Java - Default Locales, Timezones, and Character Sets
Overview
Java is a prolific programming language that is used in everything from phones to cars to desktops to servers. Software that is used around the world must work in different locales, timezones, and character sets. By default, Java doesn’t protect programmers from making poor decisions when it comes to international software. Apache Lucene/Solr, which I am a commiter to, led the way in dealing with preventing bad habits with automated tools.
Dealing with Turkish locale
One example of Java’s bad default behavior is with lowercasing strings. With the Turkish locale, lowercasing or uppercasing a string can result in multiple formats. Locale.getDefault()
causes issues with the Turkish locale. The default method java.lang.String@toLowerCase()
is dangerous in this regard. Instead you should use Locale.ROOT
to avoid locale specific case changing. If you are not presenting the string, it won’t matter if you use Locale.ROOT
.
Introduction to forbidden-apis
forbidden-apis
is a project written by @uschindler that hooks into the build process to prevent certain API usage. The build can be configured to fail if a signature is found. forbidden-apis
can be used with Apache Ant, Apache Maven, and Gradle. The automated tool forbidden-apis
makes it impossible to use methods that have ambiguous locale, timezone, and charset implications. The forbidden-apis
tool is used in Apache Lucene/Solr to prevent these types of problems from occuring. forbidden-apis
has been blogged about here, here, and here.

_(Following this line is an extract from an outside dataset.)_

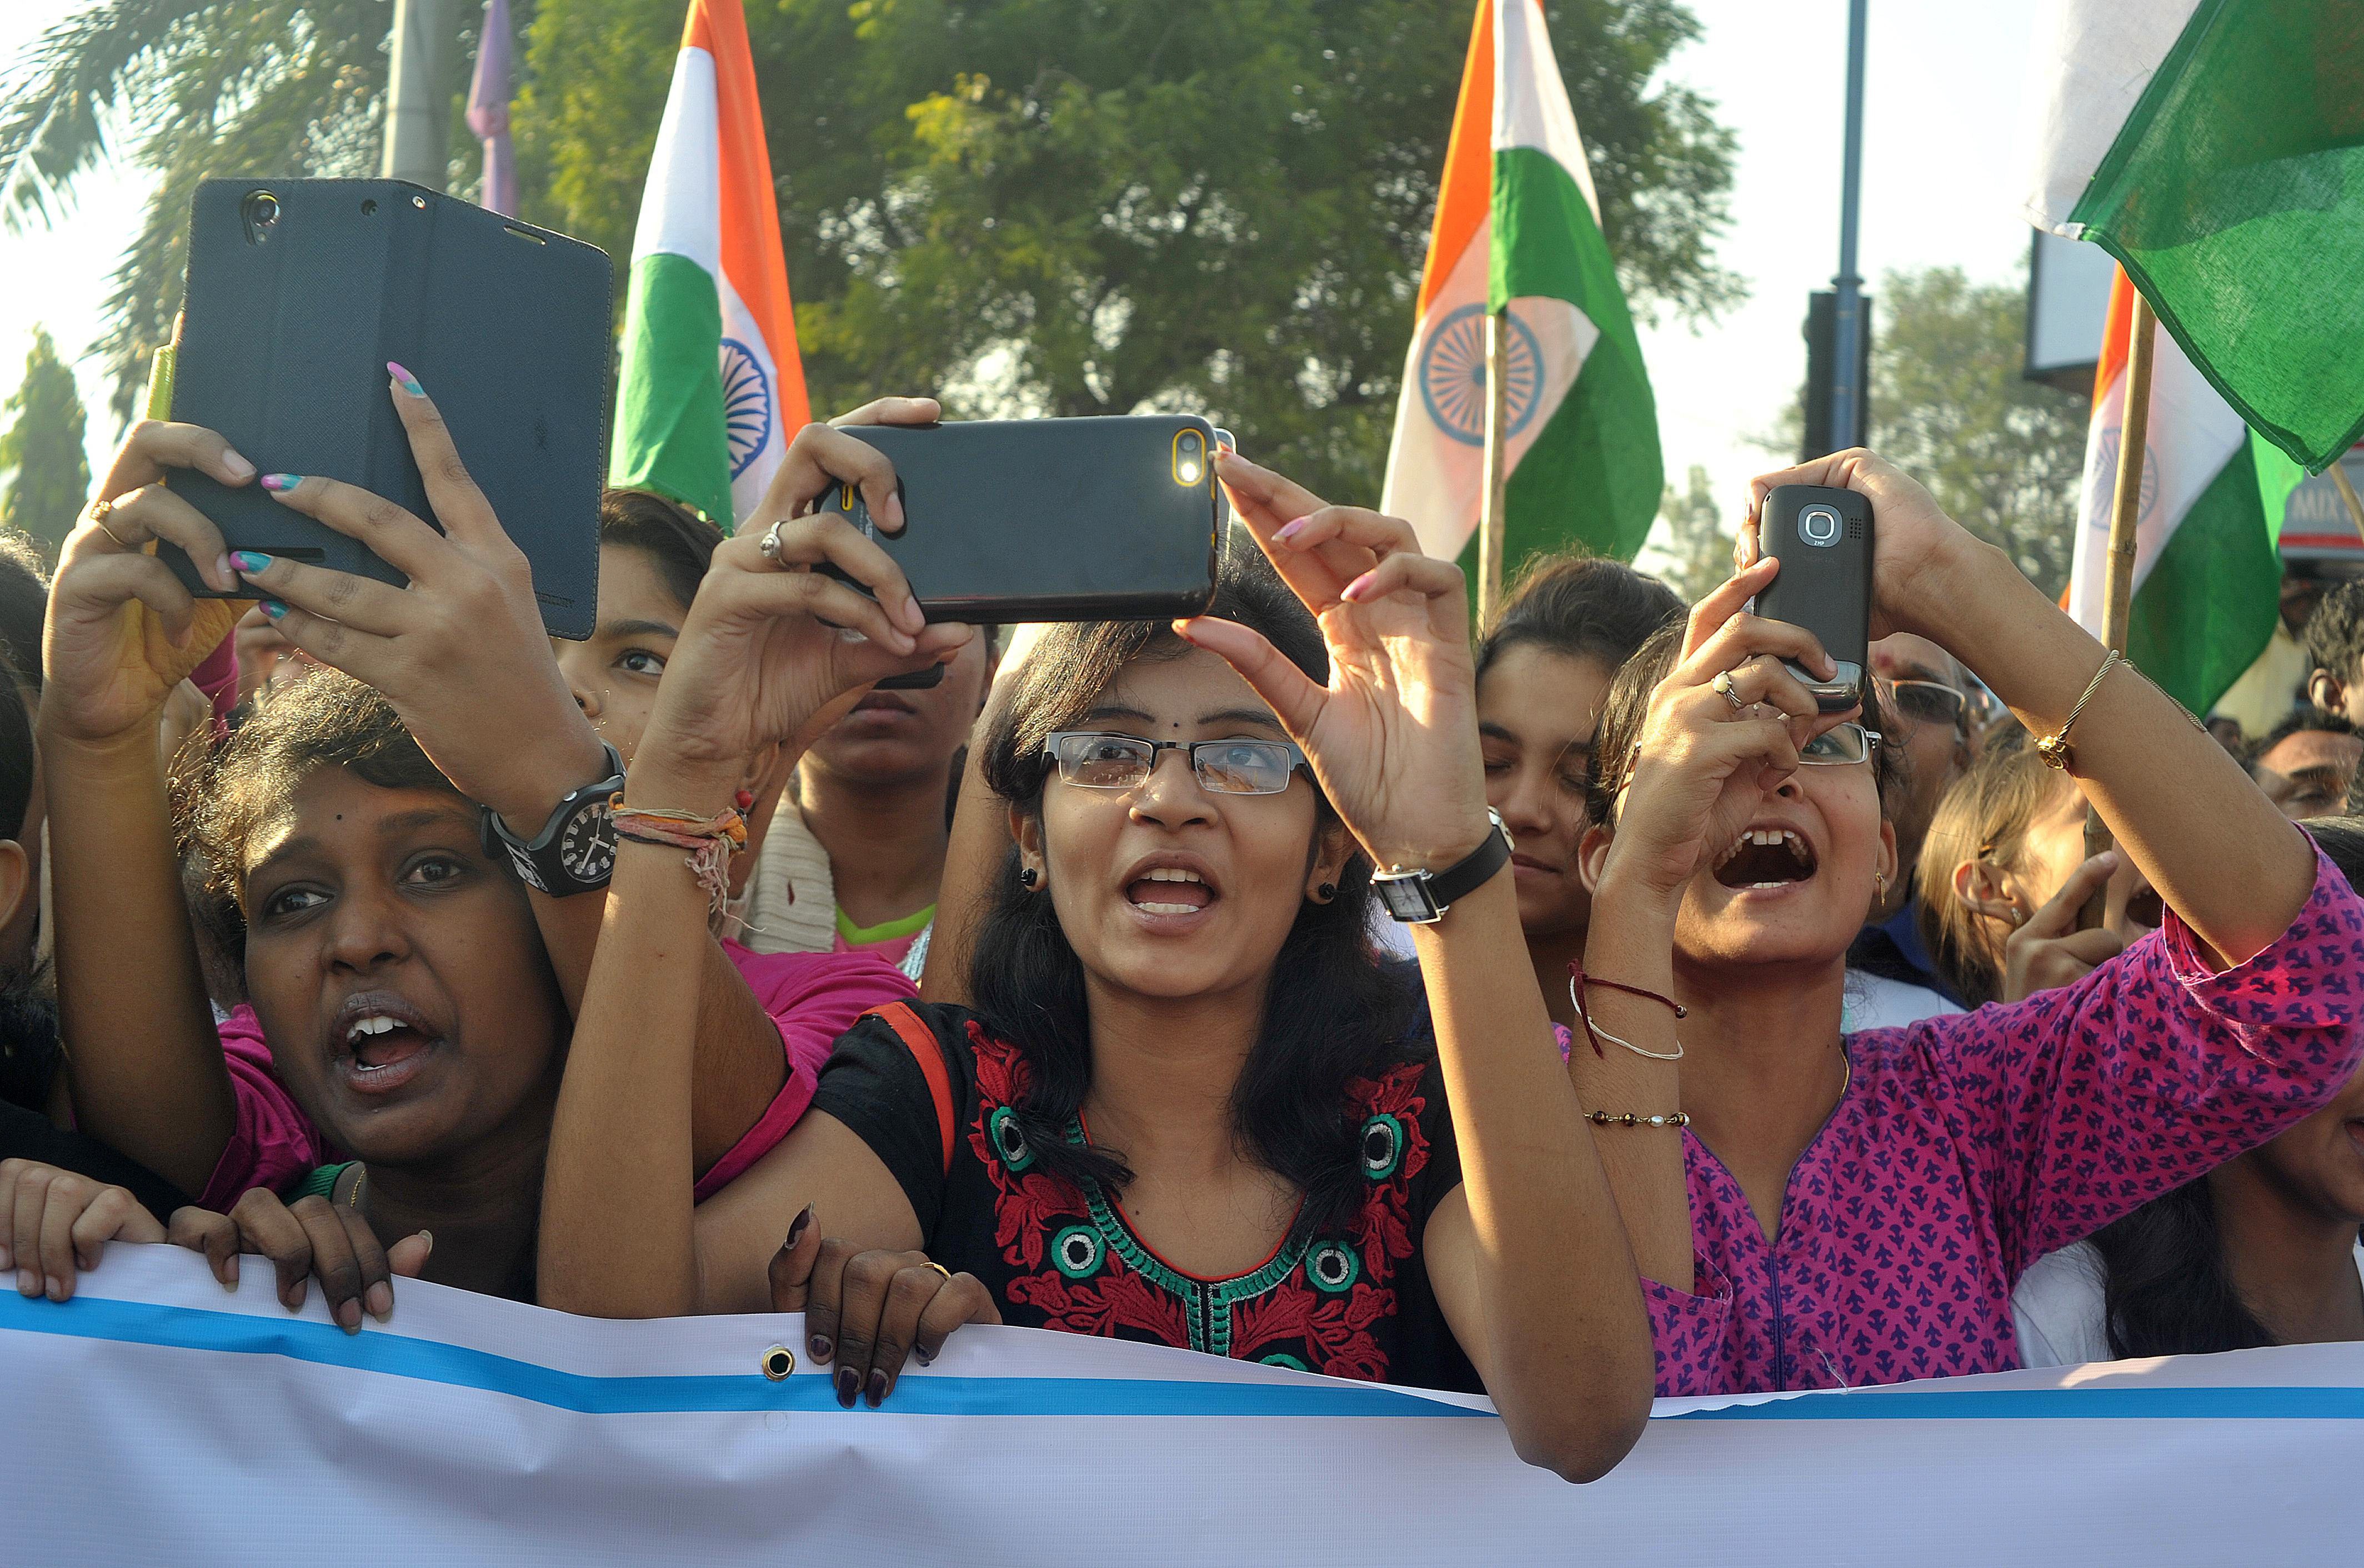 Indian students use cellphones to photograph unseen Central Home Minister of India Rajnath Singh during a Run for Unity event to mark the anniversary of the birth of Sardar Vallabhbhai Patel in Hyderabad on October 31, 2014. (Noah Seelam&mdash;AFP/Getty Images)

Apache Caclite and forbidden-apis
Apache Calcite is a project that provides pieces to build a database including SQL parsing and query optimization. I integrated Apache Calcite into Apache Solr to improve the SQL support. During this integration, Apache Solr automated tests found an issue with Apache Calcite and its handling of locales, timezones, and charsets. CALCITE-1667 tracked integrating forbidden-apis
to ensure that problems don’t creep back into later releases. In the first half of 2017, Apache Calcite 1.12.0 and Apache Calcite Avatica 1.10.0 were released fixing the issues mentioned above.
What is next?
forbidden-apis
can prevent issues that are not easy to predict with automated tests. Not many developers test across multiple locales, timezones, and charsets. forbidden-apis
is one more tool to help make stable software.